╔══

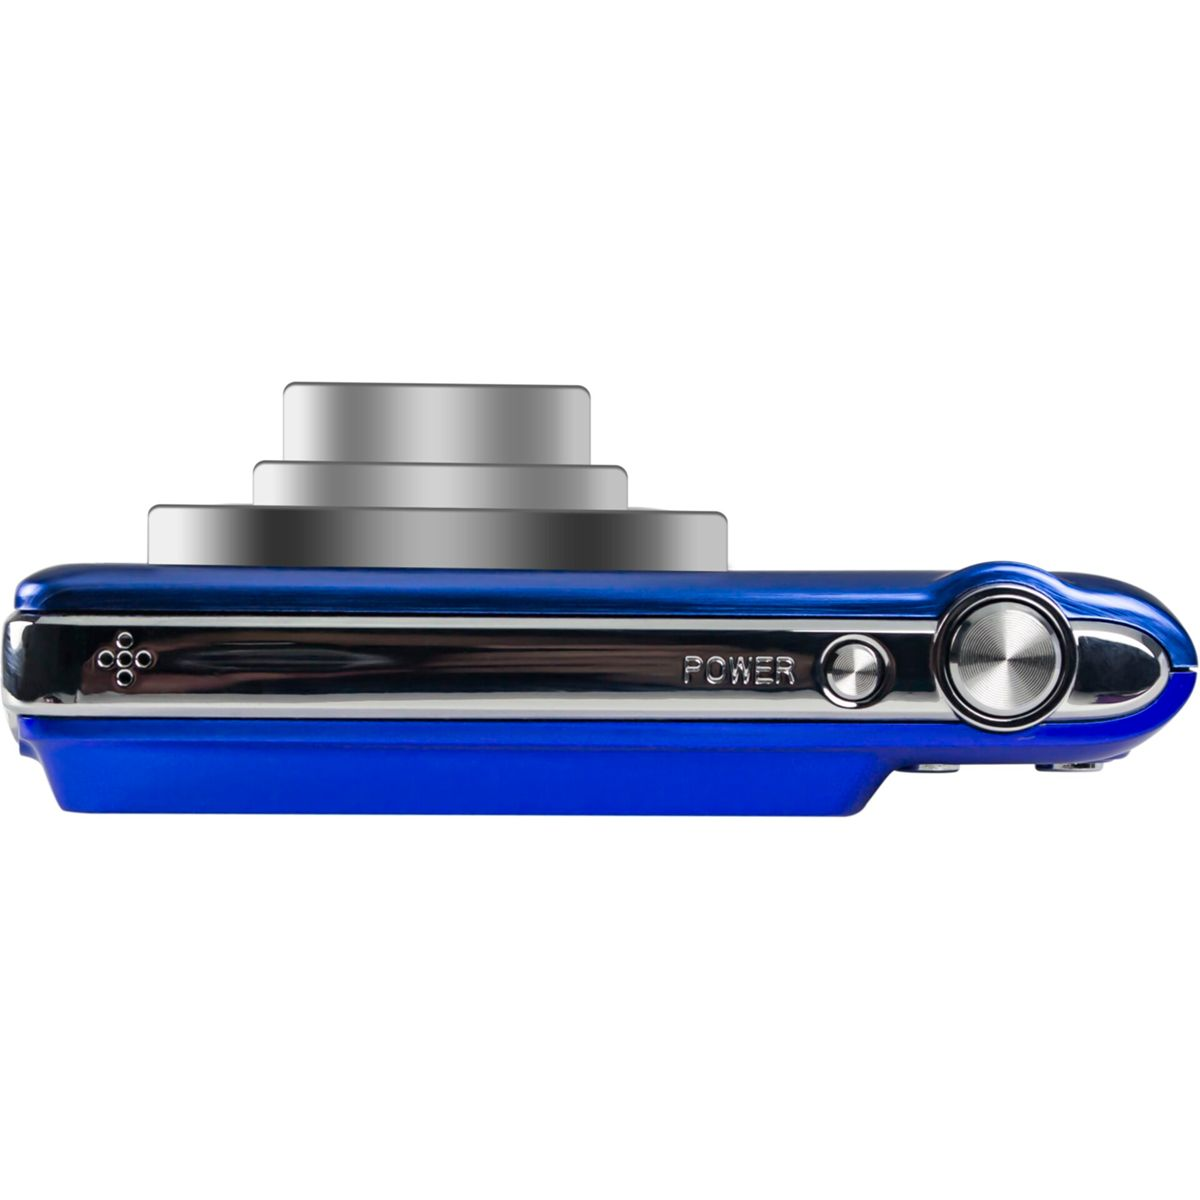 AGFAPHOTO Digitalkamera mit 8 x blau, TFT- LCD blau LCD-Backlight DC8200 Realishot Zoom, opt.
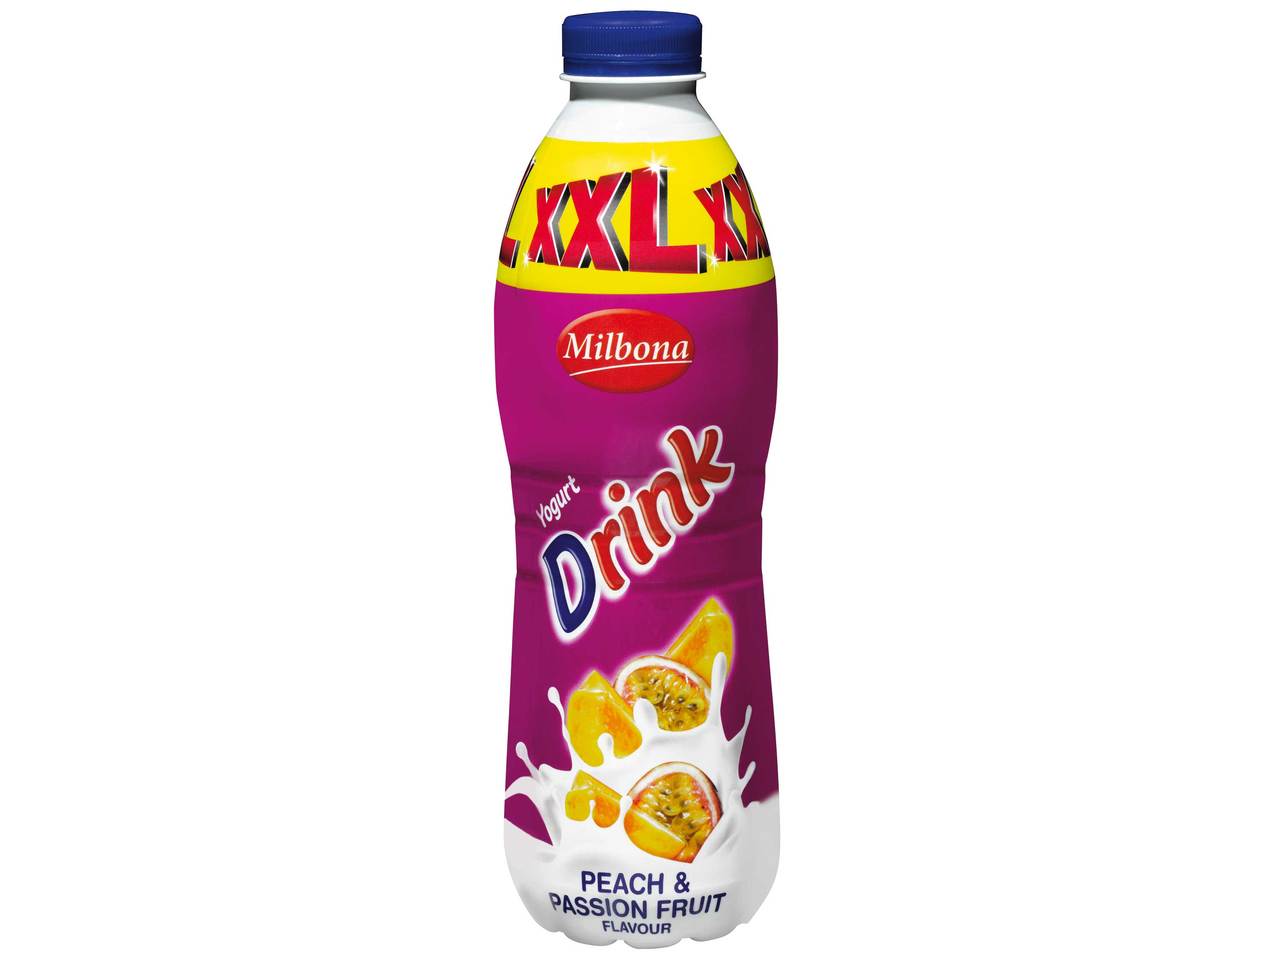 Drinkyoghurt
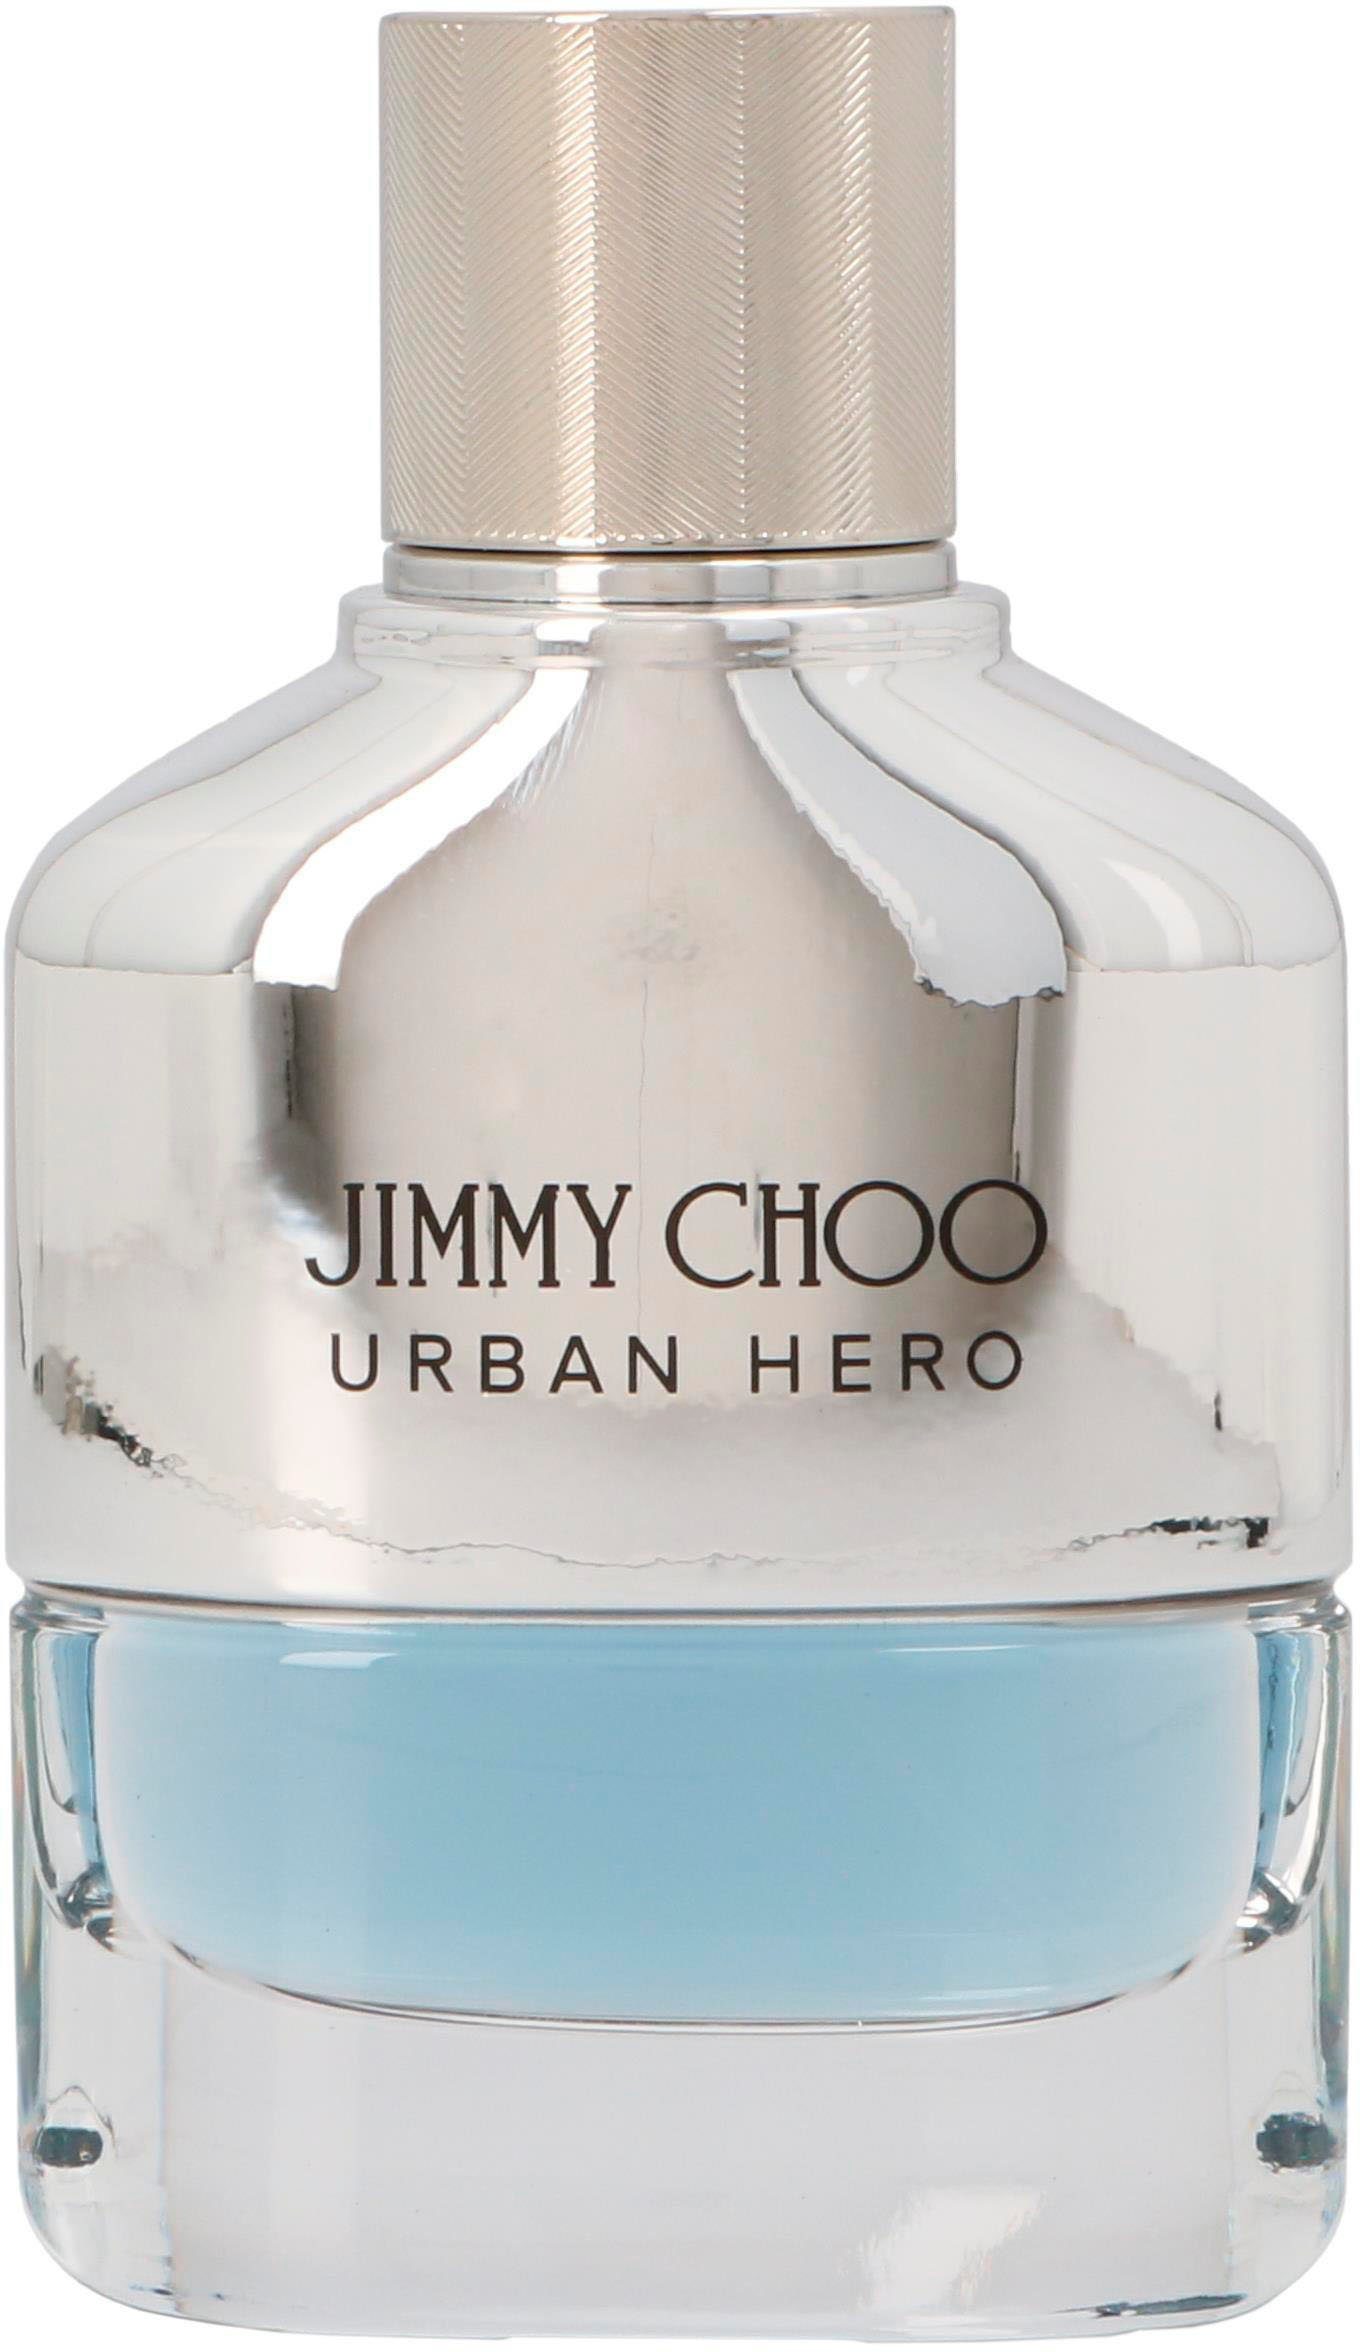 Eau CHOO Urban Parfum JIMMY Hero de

╚══

__Prompt__:
With the pictures removed, copy the data above word for word.

__Written answer__:
 AGFAPHOTO Digitalkamera mit 8 x blau, TFT- LCD blau LCD-Backlight DC8200 Realishot Zoom, opt.
 Drinkyoghurt
 Eau CHOO Urban Parfum JIMMY Hero de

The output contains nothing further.